Rajd Lipawy: Łukjaniuk nabiera zabójczego tempa

Aleksiej Łukjaniuk z każdym kilometrem czuje się coraz lepiej. Przypomnijmy, dla Rosjanina jest to pierwszy start w samochodzie R5 w Łotwie. O ile podczas pierwszego odcinka specjalnego Łukjaniuk był jeszcze ostrożny, to teraz zaczyna wygrywać z coraz większą przewagą.

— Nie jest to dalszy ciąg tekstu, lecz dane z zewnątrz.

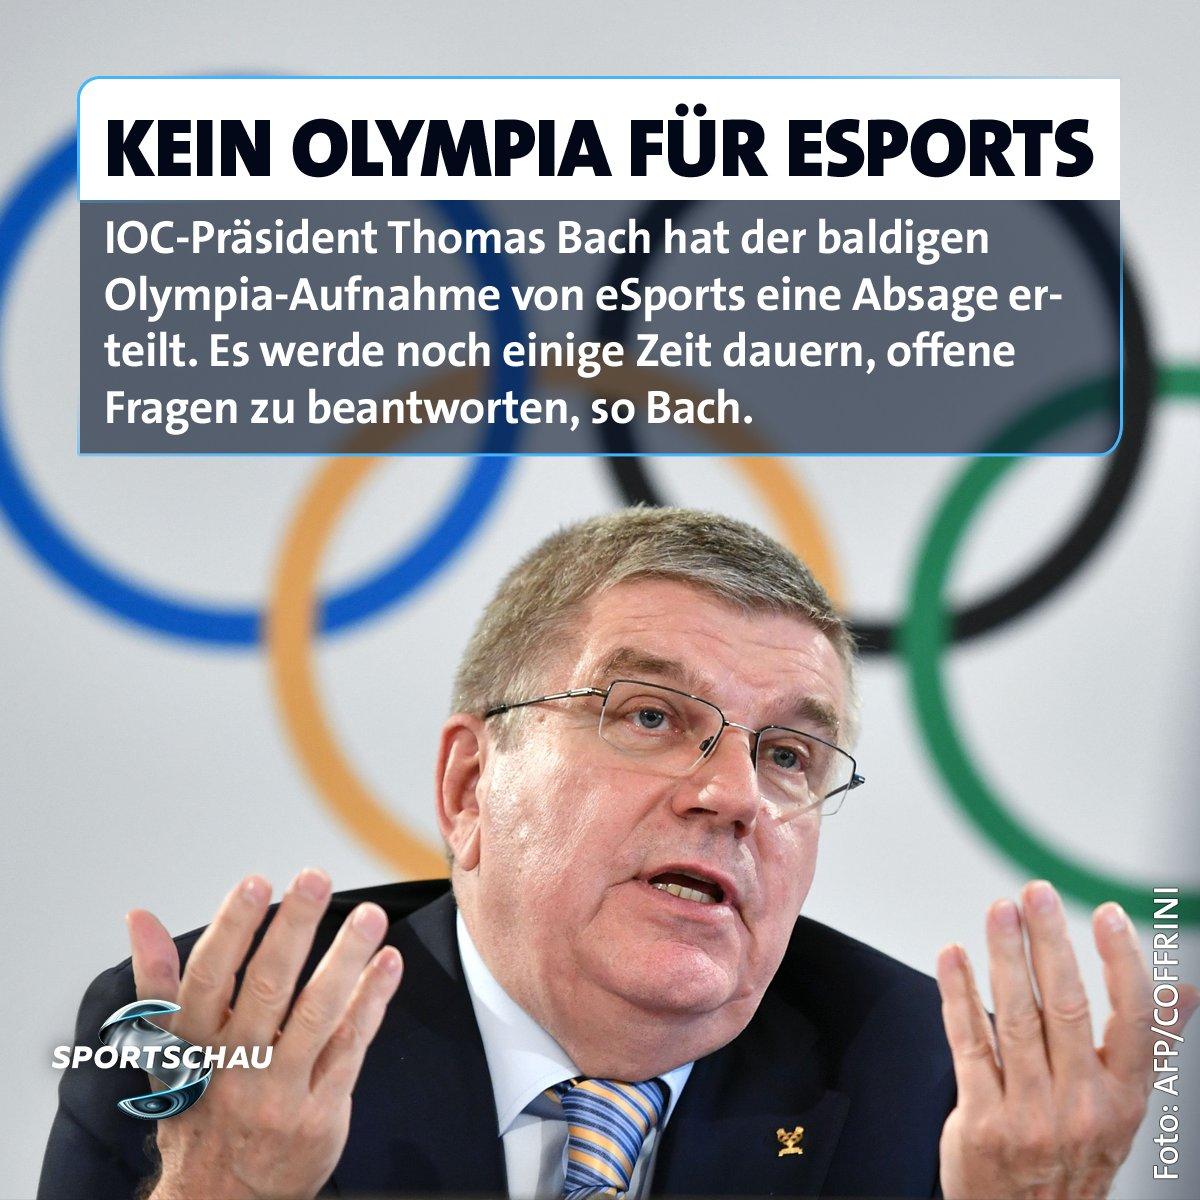 So schnell wird man eSports wohl doch nicht bei den Olympischen Spielen sehen. Meinungen? #IOC #eSports #bach

Rajd Lipawy: Łukjaniuk nabiera zabójczego tempa
Podaj dalej

Na zakończenie pierwszej sobotniej pętli zawodnicy mistrzostw Europy zmierzyli się z OS3 Ramirent. Tabela wyników nie powinna tutaj nikogo dziwić i wydaje się, że wszyscy powinniśmy się przyzwyczajać do takiego obrotu spraw. Próba padła łupem Aleksieja Łukjaniuka, 3,7 s. za nim do mety dojechał Nikolay Gryazin, odcinkowe podium uzupełnił debiutujący w ERC Kalle Rovanpera, który stracił 6,5 s. Od samego początku rajdu właśnie ta trójka dyktuje tempo w Lipawie a wynik młodego Fina jest o tyle imponujący, że pokonuje on trasę bez sprawnego hamulca ręcznego.

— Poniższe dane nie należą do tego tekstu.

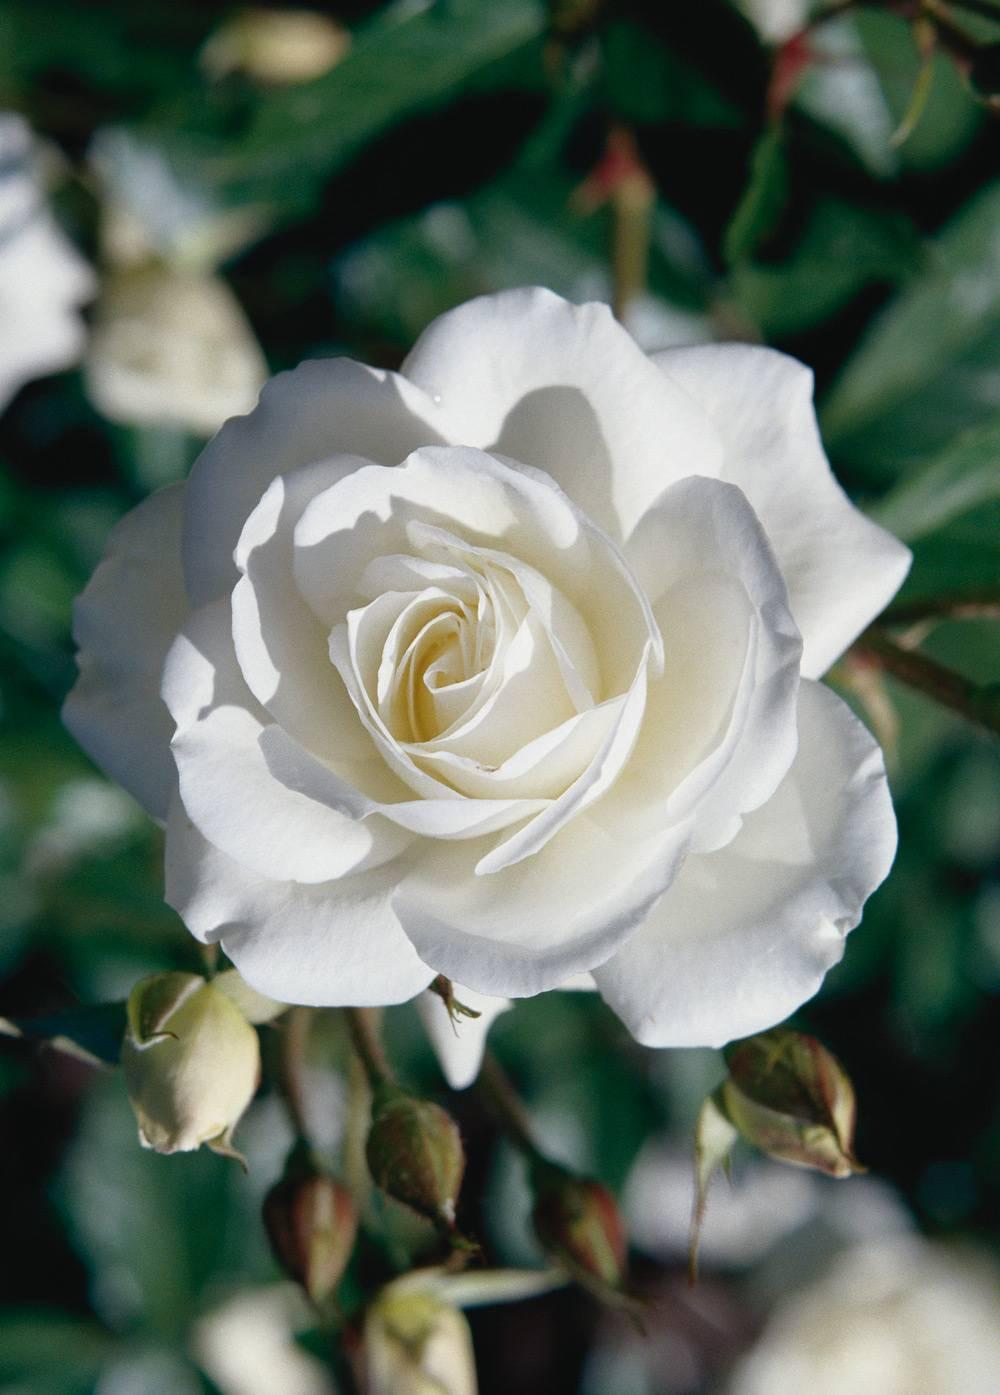 Rose_weiss-cms.jpg

Najlepszym z pozostałych zawodników był Kajetan Kajetanowicz. Dwukrotny mistrz Europy stracił do Łukjaniuka równe 18 sekund, jednak on ma podczas tego weekendu zdecydowanie ważniejsze zadanie, niż walka o zwycięstwo. Plan jest jeden – punktowana meta i trzecie z rzędu mistrzostwo, jako pierwszy człowiek w historii.

Po pierwszej pętli Rajdu Lipawy na prowadzeniu znajduje się Aleksiej Łukjaniuk. Odpowiednio 5,2 s. oraz 8,2 s. za nim znajdują się Nikolay Gryazin i Kalle Rovanpera. Kolejnym zawodnikiem w klasyfikacji jest Kajetan Kajetanowicz, jego strata to już ponad 44 sekundy. Pierwszą piątkę uzupełnia Łukasz Habaj, Bruno Magalhaes jest 9.